The Pentagon had no immediate comment on the findings, but an official said that the U.S. Southern Command in Panama had already concluded that its early estimates of Panamanian military deaths were probably too high.

If the new medical survey has uncovered a more accurate total, a State Department official said, "we're not going to quibble." The official called the earlier U.S. account a "good-faith effort."

In another finding, the team of doctors concluded that the number of Panamanians injured during the invasion exceeded the official U.S. estimate.

While the United States put the figure at 1,508, the physicians' team reported that at least 3,000 Panamanians sought hospital care for injuries sustained during the first week after the invasion.

The indication that civilian deaths may greatly have exceeded those among the military cast new doubt on the Bush Administration contention that the victory for democracy in Panama was won at minimal cost to the nation's population.

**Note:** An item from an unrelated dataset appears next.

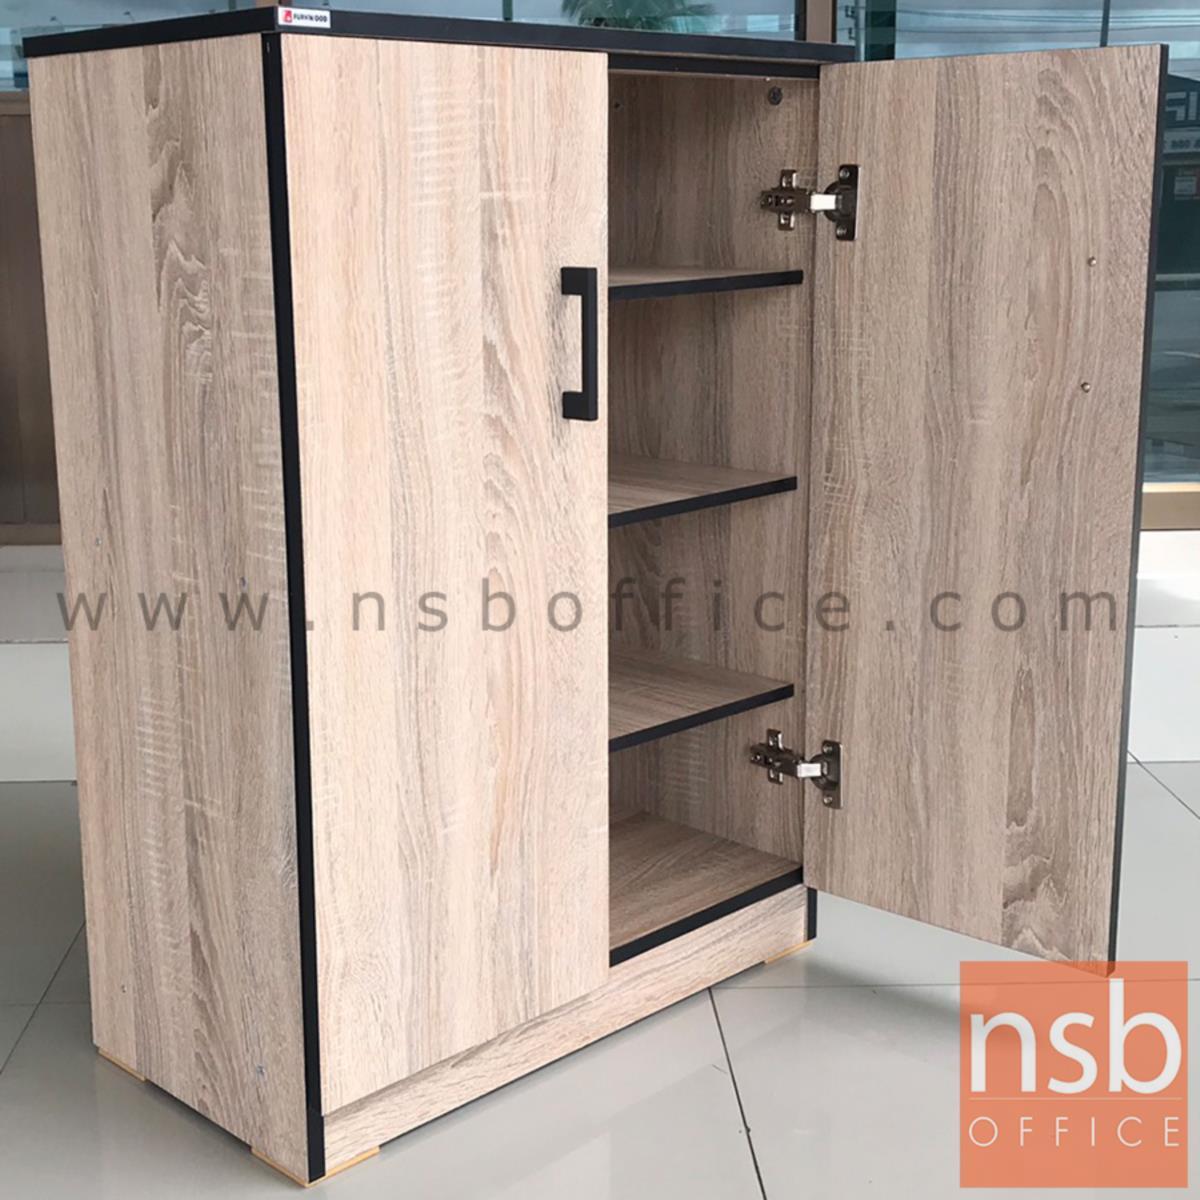 G05A066:ตู้เก็บรองเท้า 2 บานเปิด รุ่น FW-SH2 ขนาด 60W*82.5H cm. PVC สีโซลิค-ขอบดำ
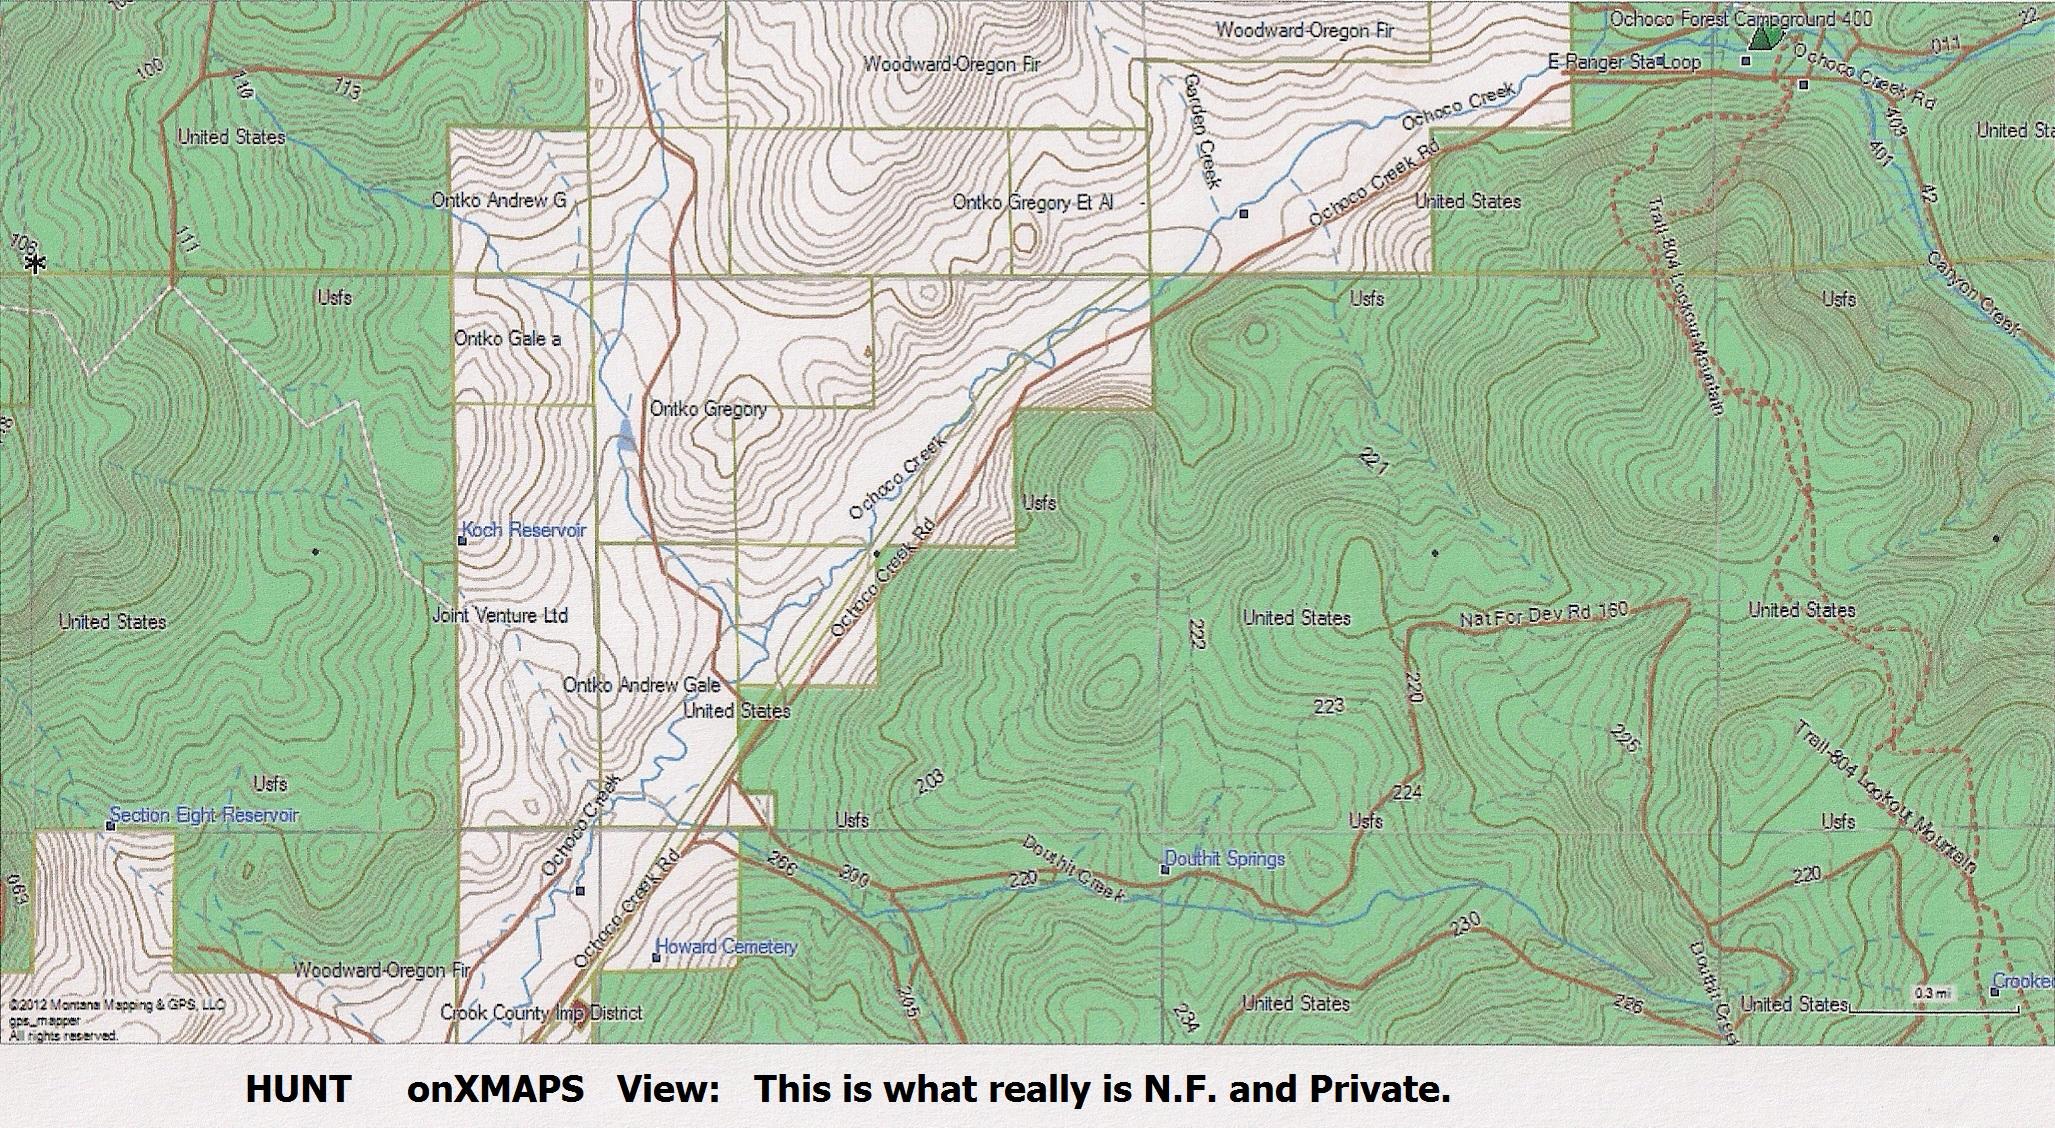 100 Hunting Gps Maps Gaia Gps Not Your Average Smart Phone Gps App Bik

Twenty-three American soldiers died in the invasion and 324 were wounded.

The investigative team concluded that the primary cause of death among civilians was "the official U.S. policy of using overwhelming firepower in residential areas to protect American lives," said Ralph Wise, a Harvard Medical School professor who was part of the group.

The respected physician group, which specializes in assessing the medical consequences of armed conflict, said it found no indication that the United States sought to obscure the true casualty figures.

It also said it found no evidence that the Panamanian death toll numbered in the thousands, as claimed by some private citizens in the wake of the invasion.